What is it to understand God

EvangelicalFrankfurt and Offenbach

When believers and atheists argue, I often ask myself whose side God might be on.

I am not talking about such conversations here where one has the impression: "Today, lack of understanding is boxing with stupidity". No, the discovery of an antique, rotten board on Mount Ararat is no proof that the Bible is right after all. Conversely, dinosaurs are just as unsuitable for refuting belief in God. Belief in creation and the theory of evolution can be combined very well with one another. And the relationship between historical and narrative truths in the ancient stories of faith (such as the Flood) is somewhat more complex. Such conversations are simply wrong because you could be purely mentally further on both sides and not even reach the actual “crucial points”.

Rather, I am interested in the deeper, meaningful conversations between believers and atheists.
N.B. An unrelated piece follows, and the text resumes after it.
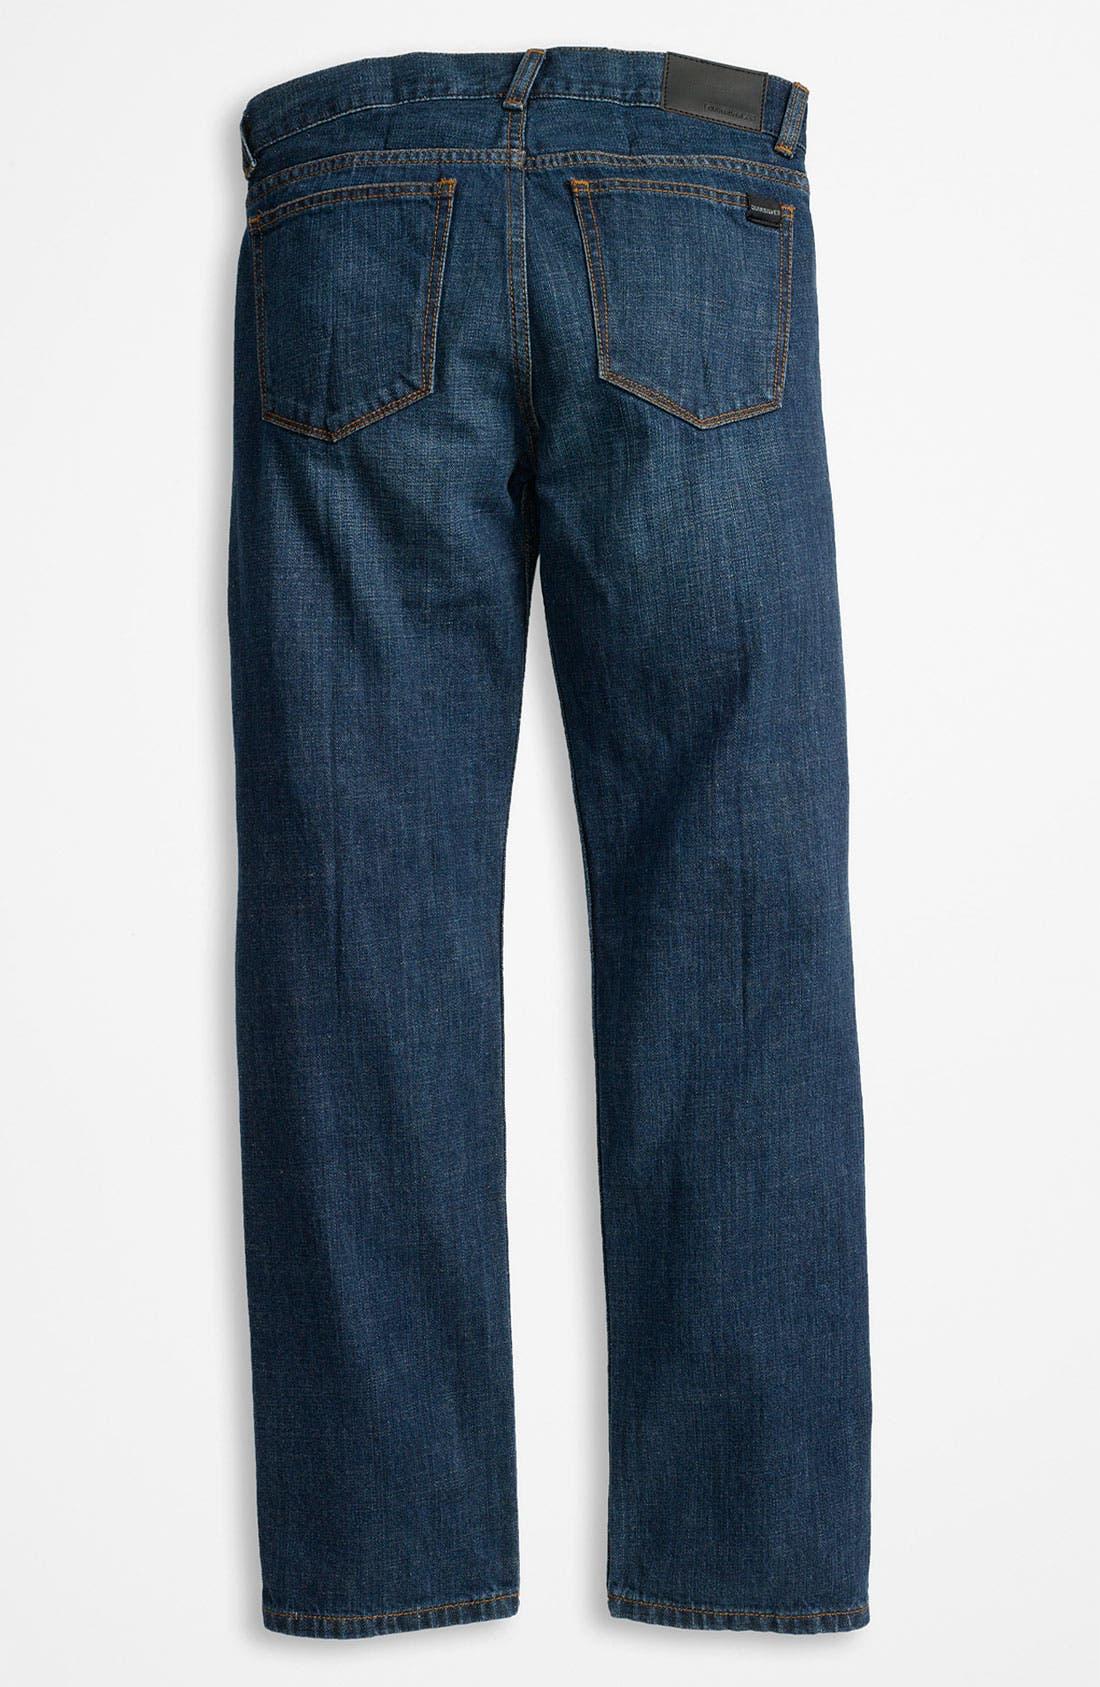 Main Image - Quiksilver 'Revolver' Jeans (Little Boys)
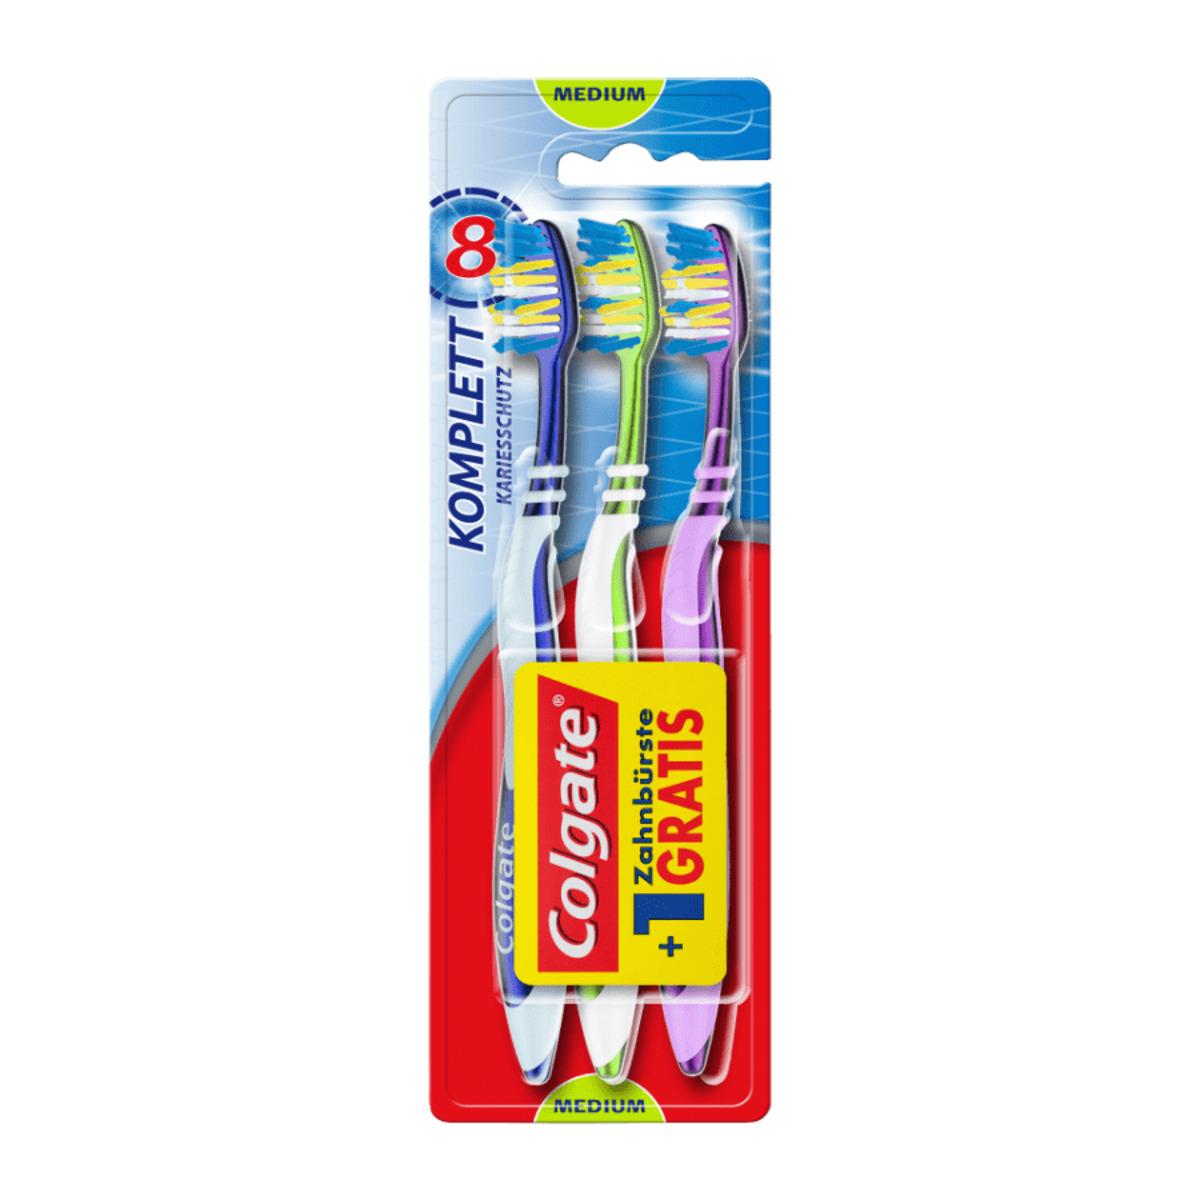 Bild 1 von Colgate Komplett Zahnbürsten

About such conversations, in which both agree to talk about what concerns them personally, what concerns them personally, what is support and hope for them. For their life and their death.

Here, too, the “fronts” don't seem as clear to me as they often appear. The danger with "us believers" is that we understand God too often, too quickly, and too well. As it were better than God himself. Jesus Christ himself dies on the cross, the symbol of Christian faith, with the cry of God forsaken: “My God, my God, why have you forsaken me?” (Mark 16:34; Matthew 27:46) . That should protect us from a “pre-pious” appropriation of God against his will.

In a public conversation the other day, a theater director asked critically where the ambivalences in the Christian worship services actually remained. Whether the tensions (unlike in the theater) have always been resolved, harmonized. We are all always somehow accepted.

We're getting too close to God. Dilute us with the incomprehensible. And neither do justice to God, nor us, nor the world in its deep paradox, its contradictions. The ZEIT supplement “Christ & World” has the column “The atheist who misses something”. But what kind of faith should it be that would not “miss something” in this world as it is? Who wouldn't miss God?

Conversely, the danger with atheists is that they understand God too often, too quickly and too well. Or just don't understand. So with the opposite sign of understanding, but the same result: namely, to be done with God.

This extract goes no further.